AI Models Run Nonstop for 19 Days in New MirrorCode Benchmark
The landscape of autonomous software engineering is shifting from simple code snippets to massive, multi-day programming marathons. A new benchmark from Epoch AI and METR, called MirrorCode, reveals that AI models can now tackle complex reimplementation tasks that previously required weeks of human labor.
Challenging AI with MirrorCode
MirrorCode represents a significant departure from traditional software engineering benchmarks that typically cap inference costs at a mere $1 to $10 per task. Instead, this benchmark requires AI models to reimplement complete, complex programs from scratch—ranging from Unix utilities and cryptography to bioinformatics and data serialization—without access to the original source code. To ensure true functional equivalence, every AI-generated solution must pass hidden end-to-end tests that the model never sees during its development phase.
The scale of these tasks is unprecedented. One specific task in the benchmark required an AI model to work continuously for 19 days without any human intervention, resulting in an inference cost of $2,600 for a single run.

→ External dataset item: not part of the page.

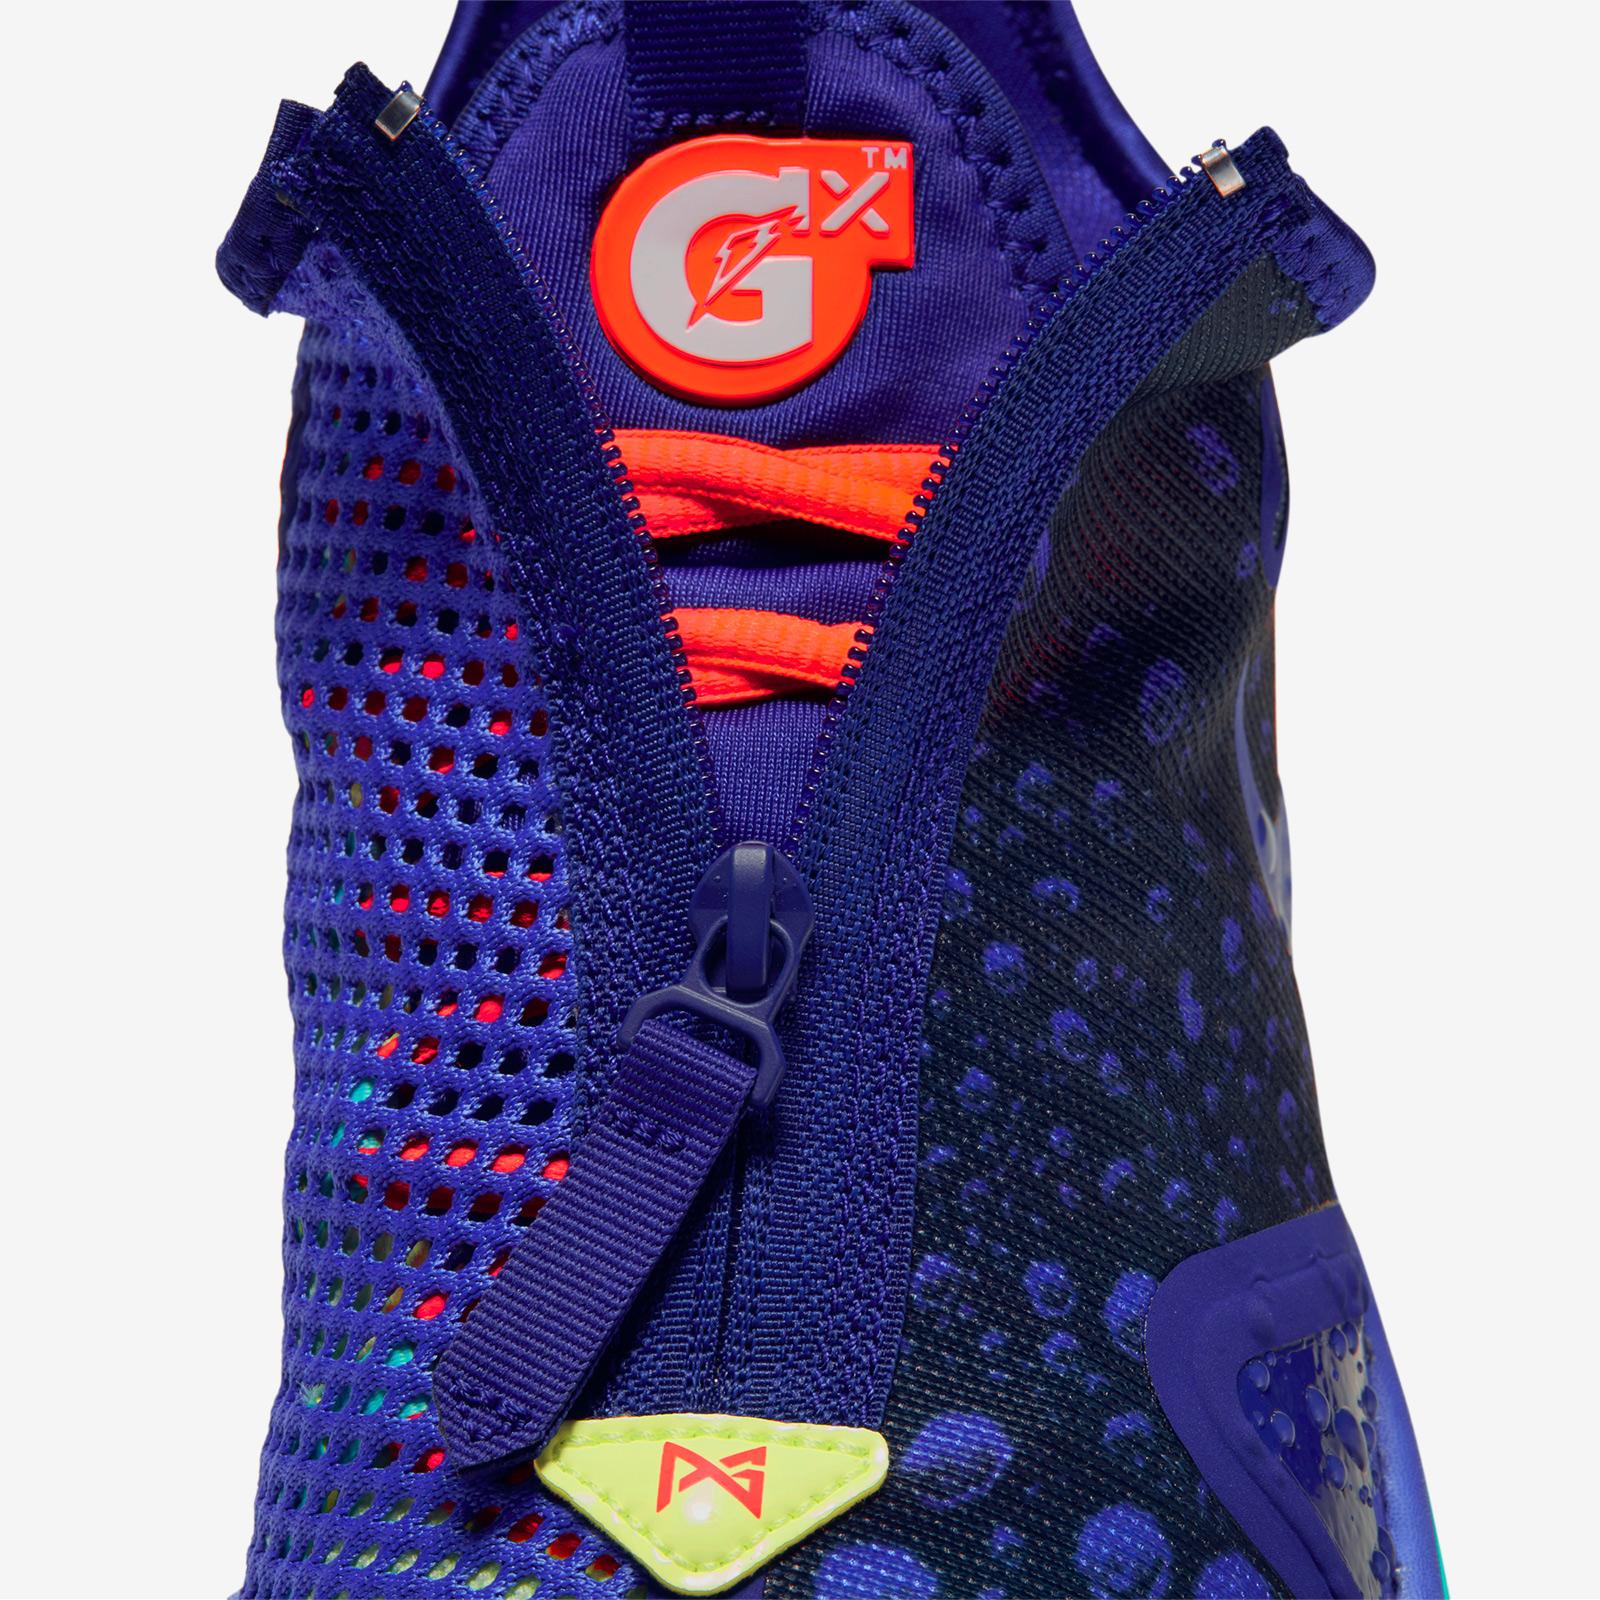 Nike PG 4 Gatorade GX Cd5078 500 Sneakersnstuff I

Claude Opus 4.7 Leads the Race
The benchmark results highlight a clear hierarchy in current frontier models. Claude Opus 4.7 emerged as the leader with a 56 percent solve rate, significantly outperforming GPT-5.5, which achieved 44 percent, and Gemini 3.1 Pro Preview, which sat at 32 percent.
A standout success involved the bioinformatics toolkit gotree. This program consists of approximately 16,000 lines of Go code and features over 40 distinct commands. While a human engineer would typically require between 2 to 17 weeks to complete such a task, Claude Opus 4.7 successfully reimplemented it in just 14 hours for a cost of $251. Even in cases where models fail to achieve a 100 percent perfect reimplementation, they remarkably pass over 90 percent of the functional tests.
The Complexity Gap and Memorization Risks
Despite these leaps, the MirrorCode results reveal a distinct "complexity ceiling." While all tested models reliably handle small programs like uuid or parseqsv, no model currently has the capability to fully solve the "large" category of tasks. The frontier of AI coding still struggles when faced with the most massive, interconnected software architectures.
Epoch AI also addressed a critical concern in LLM evaluation: data contamination. Since the benchmark utilizes open-source programs, there is a risk that models have already memorized the original code during their training phases. While initial findings suggest that performance is not purely driven by memorization, researchers admit they cannot entirely rule out its contribution to the current solve rates.
Why This Matters for the AI Industry
MirrorCode signals a transition from "AI as a Copilot" to "AI as an Autonomous Agent." By proving that models can sustain reasoning over 19-day periods and handle thousands of lines of code, the industry is moving closer to agents capable of managing entire software lifecycles. As inference costs fluctuate—with GPT-5.5 costing three times more than its predecessor while Claude Opus 4.7 has become three times more efficient—the economic viability of autonomous engineering will become the next great frontier.
Key Takeaways
- New Scale of Reasoning: MirrorCode pushes AI limits by allowing massive inference budgets, with single tasks costing up to $2,600 and running for 19 days.
- Claude Leads Performance: Claude Opus 4.7 is currently the benchmark leader with a 56% solve rate, demonstrating elite capabilities in reimplementing large-scale Go codebases.
- Complexity Barriers Remain: While small-scale tasks are being solved reliably, no existing model can yet fully crack the most complex, large-scale programming tasks.